Так бы и жить, не вмешиваясь в политику, а если вмешиваясь, то на правильной стороне, а не пускаясь в авантюры. Но вот попутал его Шайтан, ввязался он в эту историю с Канфей-Шомроном да с казино, которое Йорам Кацир вздумал строить на месте поселения. И влип.
Здесь я вижу своими глазами,
как испаряется озеро будущего.
Люди заколдованы историей,
написанной мелом иллюзии —
незрелый день, сырая ночь.
Он резко захлопнул книгу и в отчаянии швырнул ее на красивый старинный стол, обитый шелком и покрытый стеклом. Вот именно! «Испаряется озеро будущего»! На сей раз еще хуже стало от этих стихов. Если Юсеф Масри его, Абдаллу, – машааллах! – заложит израильтянам (а он сделает это с большим удовольствием), если верный Камаль расколется (а евреи умеют без всяких пыток и запугивания заставить человека говорить), то счастливые соотечественники славного олигарха узнают о нем много нового и интересного. Узнают, что семья Халила Сидки была убита вовсе не сионистами, а его, Абдаллы Таамри, агентом; что прогрессивный журналист, защитник арабского народа, Ибрагим Хуссейни, тоже не погиб от рук сионистов, а был задушен по его приказу; что самарийскую землю, с которой арабские патриоты изгнали сионистских захватчиков, он купил, чтобы там эти же самые захватчики строили казино; и что вместе с сионистами он пытался уничтожить одну из самых революционных, самых боевых организаций – «Союз Мучеников Палестины» – и ради этого пошел на прямое предательство и сотрудничество с врагом. Тут уж и сам Шихаби подсуетится – поведает журналистам о ловушке, в которую его заманивал Таамри, да еще и свалит на него свою неудачу при штурме военной базы, дескать, Таамри предупредил своего дружка, а тот – сыночка. Надо сказать, что никакие толстосумы в Автономии не пользовались народной любовью – ведь фоном для их миллионных прибылей, роскошных вилл и фешенебельных офисов служила ужасающая бедность девяноста девяти процентов населения. А проштрафившийся толстосум вроде Таамри мгновенно становился мишенью для ХАМАСа. Мишенью в прямом смысле.

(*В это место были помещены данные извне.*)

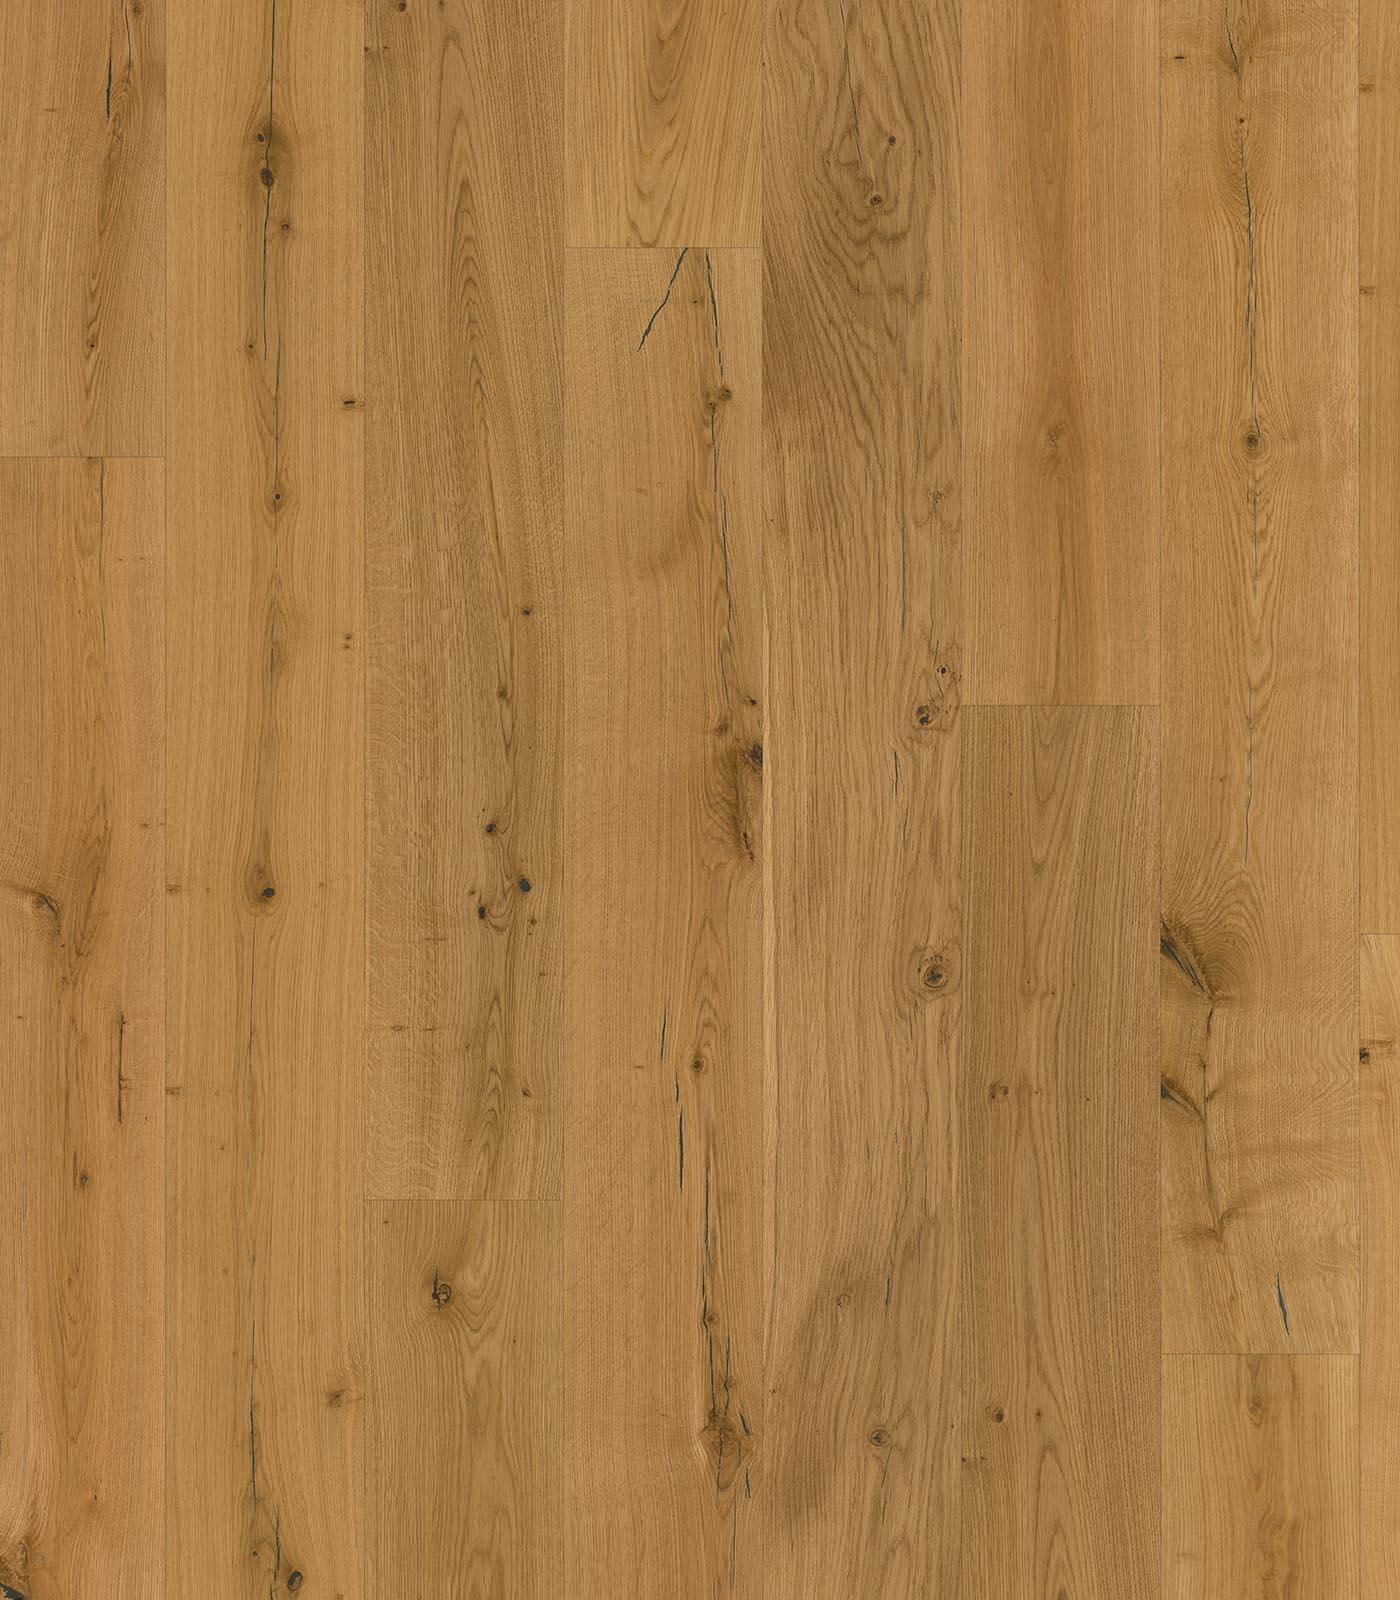 Oak Variante-European Oak floors-Variante Collection - Flat
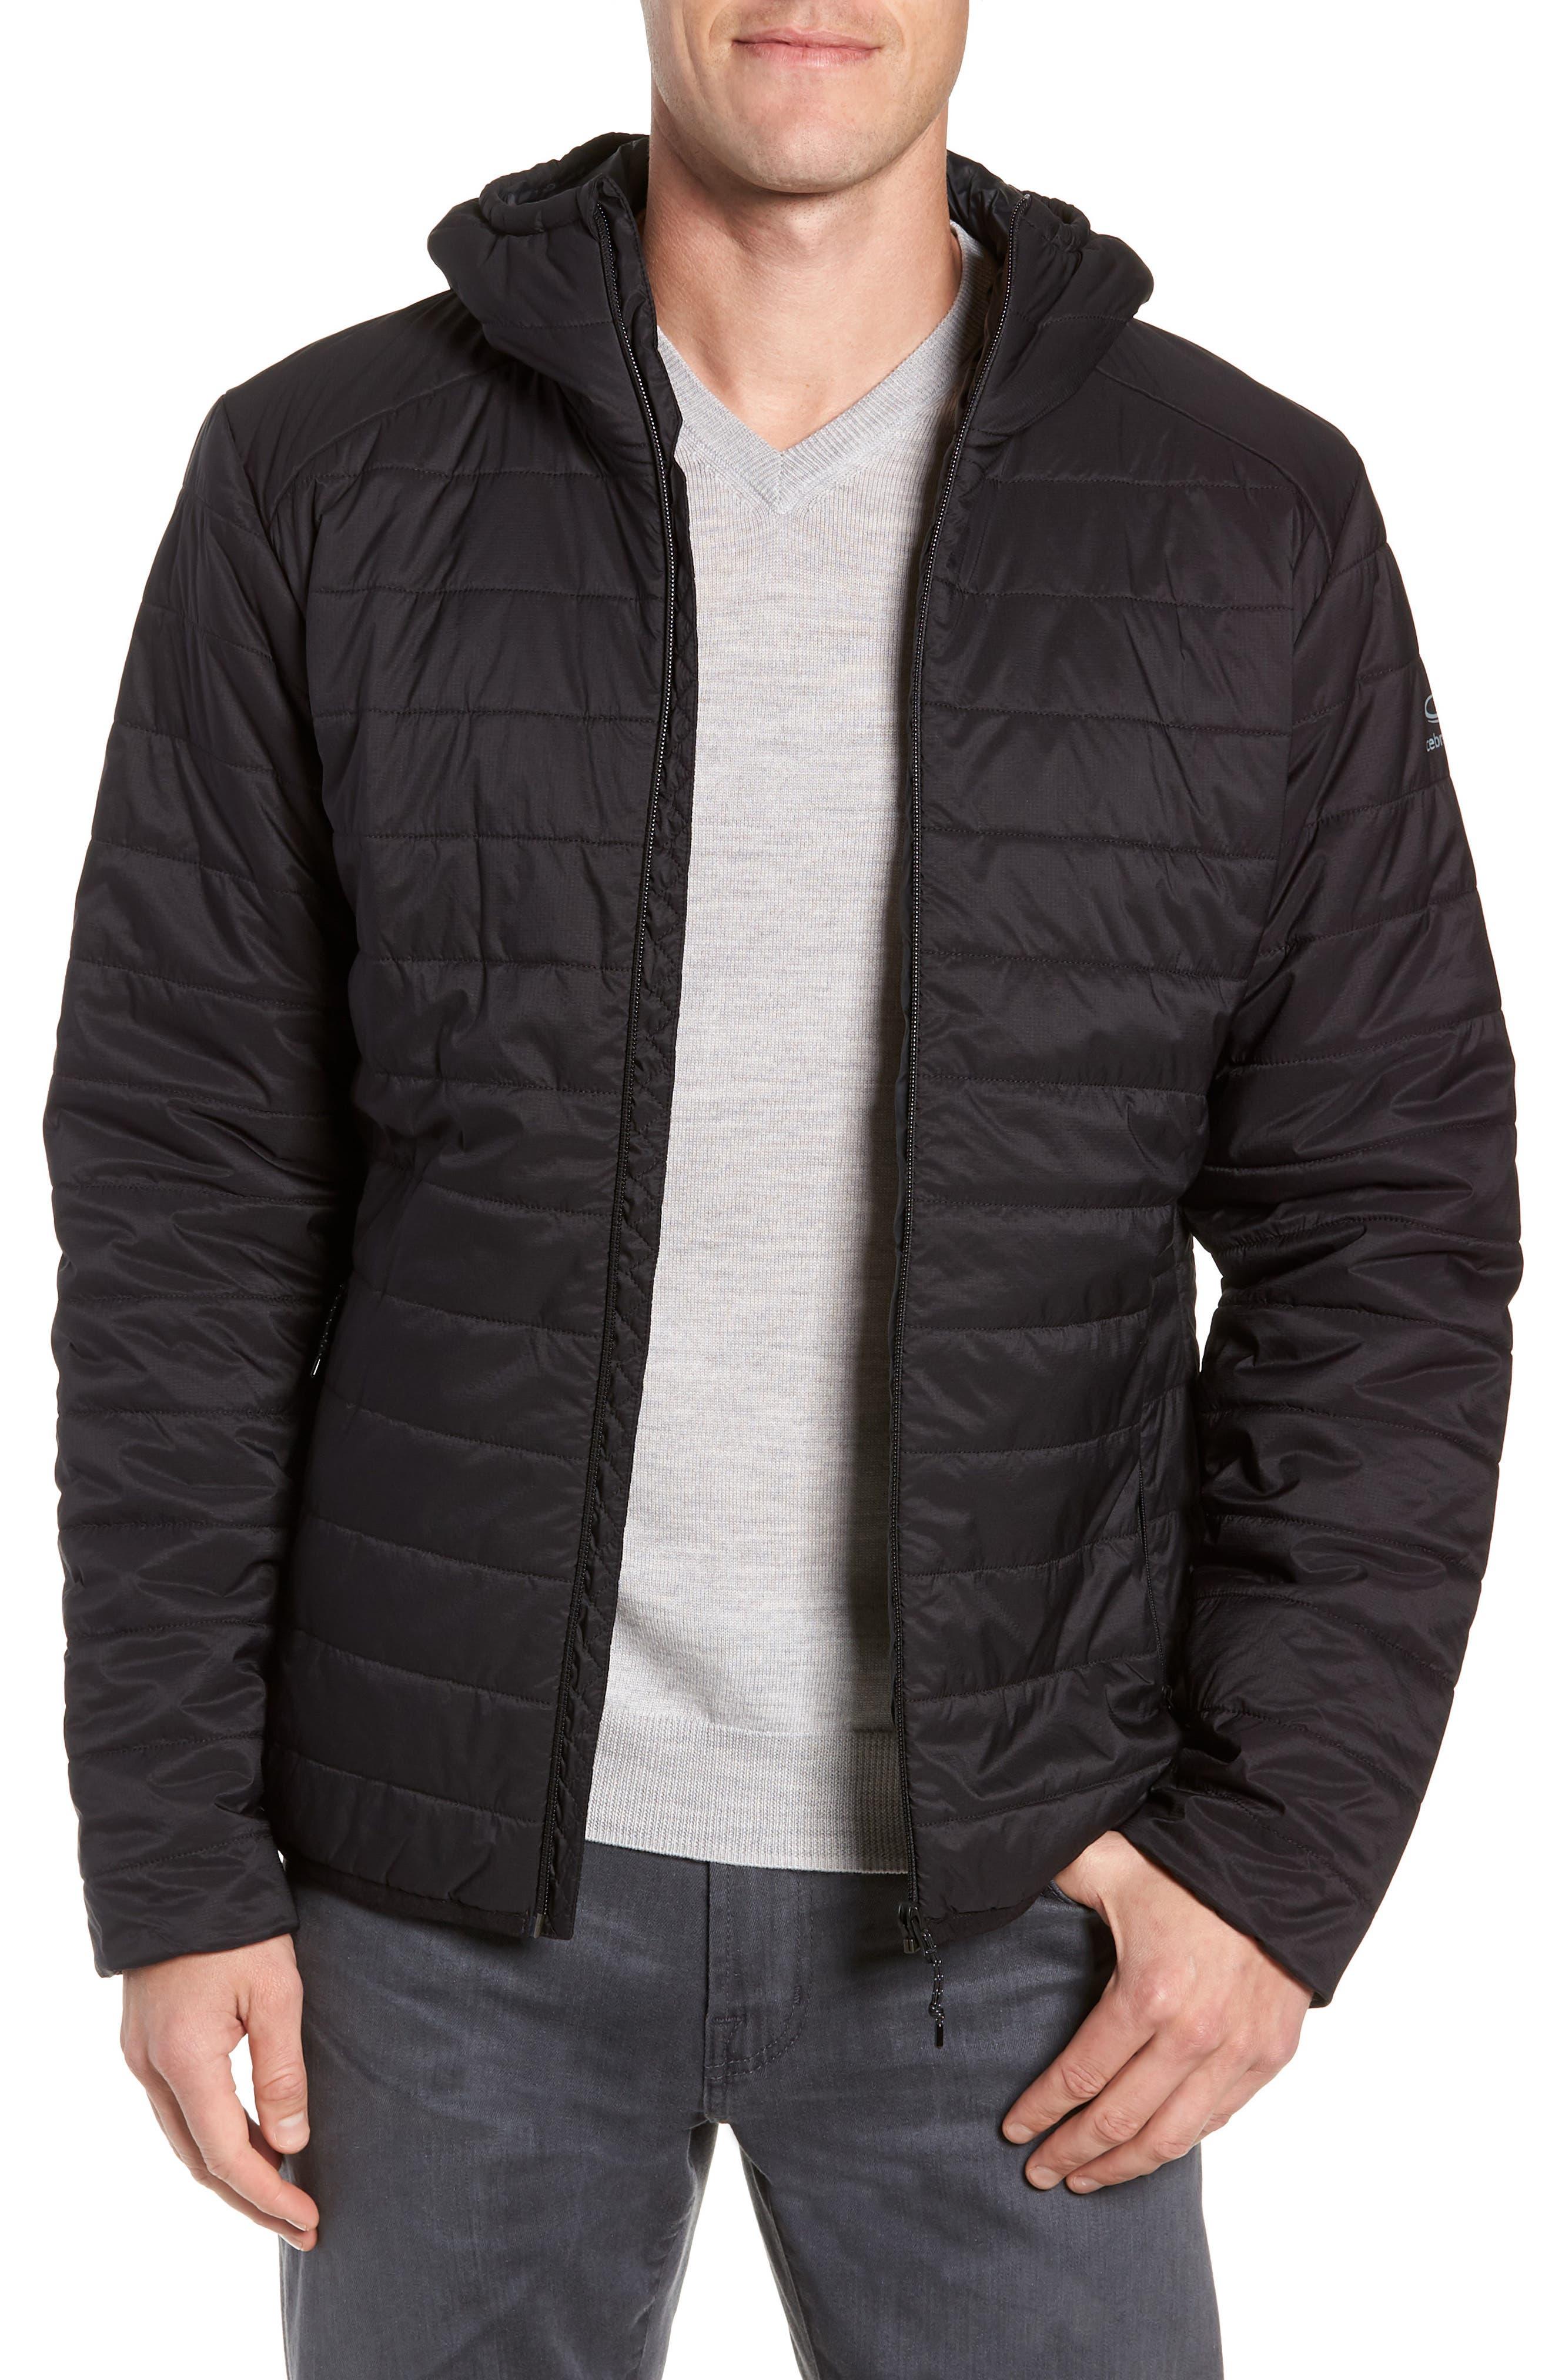 Hyperia MerinoLOFT<sup>™</sup> Hooded Jacket,                             Main thumbnail 1, color,                             BLACK

По коридору засеменили шажки. Дверь распахнулась, и в кабинет влетела маленькая Юсра. Она прижимала к груди куклу с темными глазами, густыми ресницами и черными локонами. На кукле было надето традиционное черное до пят одеяние и платок.
– А, рахат-лукум! – приветствовал ее Абдалла и, на мгновение забыв о надвигающейся беде, улыбнулся.
– Папа, смотри, смотри, что мне привезли! – заверещала она, вся светясь от восторга. – Вот видишь, это Фулла! Смотри, какая красивая! Папа, а прочти, что здесь написано! – И она протянула отцу скомканную аннотацию.
Абдалла расправил бумажку и начал читать назидательным голосом:
– «Фулла честная и заботливая девушка, она почитает отца и мать. Как и подобает мусульманке, она носит платье, которое скрывает все, кроме явного. Она никогда не выставит напоказ руку или ногу».
– Папа, – вновь затараторила девочка, – а вот у Саеды есть Барби! А правда, моя Фулла лучше?!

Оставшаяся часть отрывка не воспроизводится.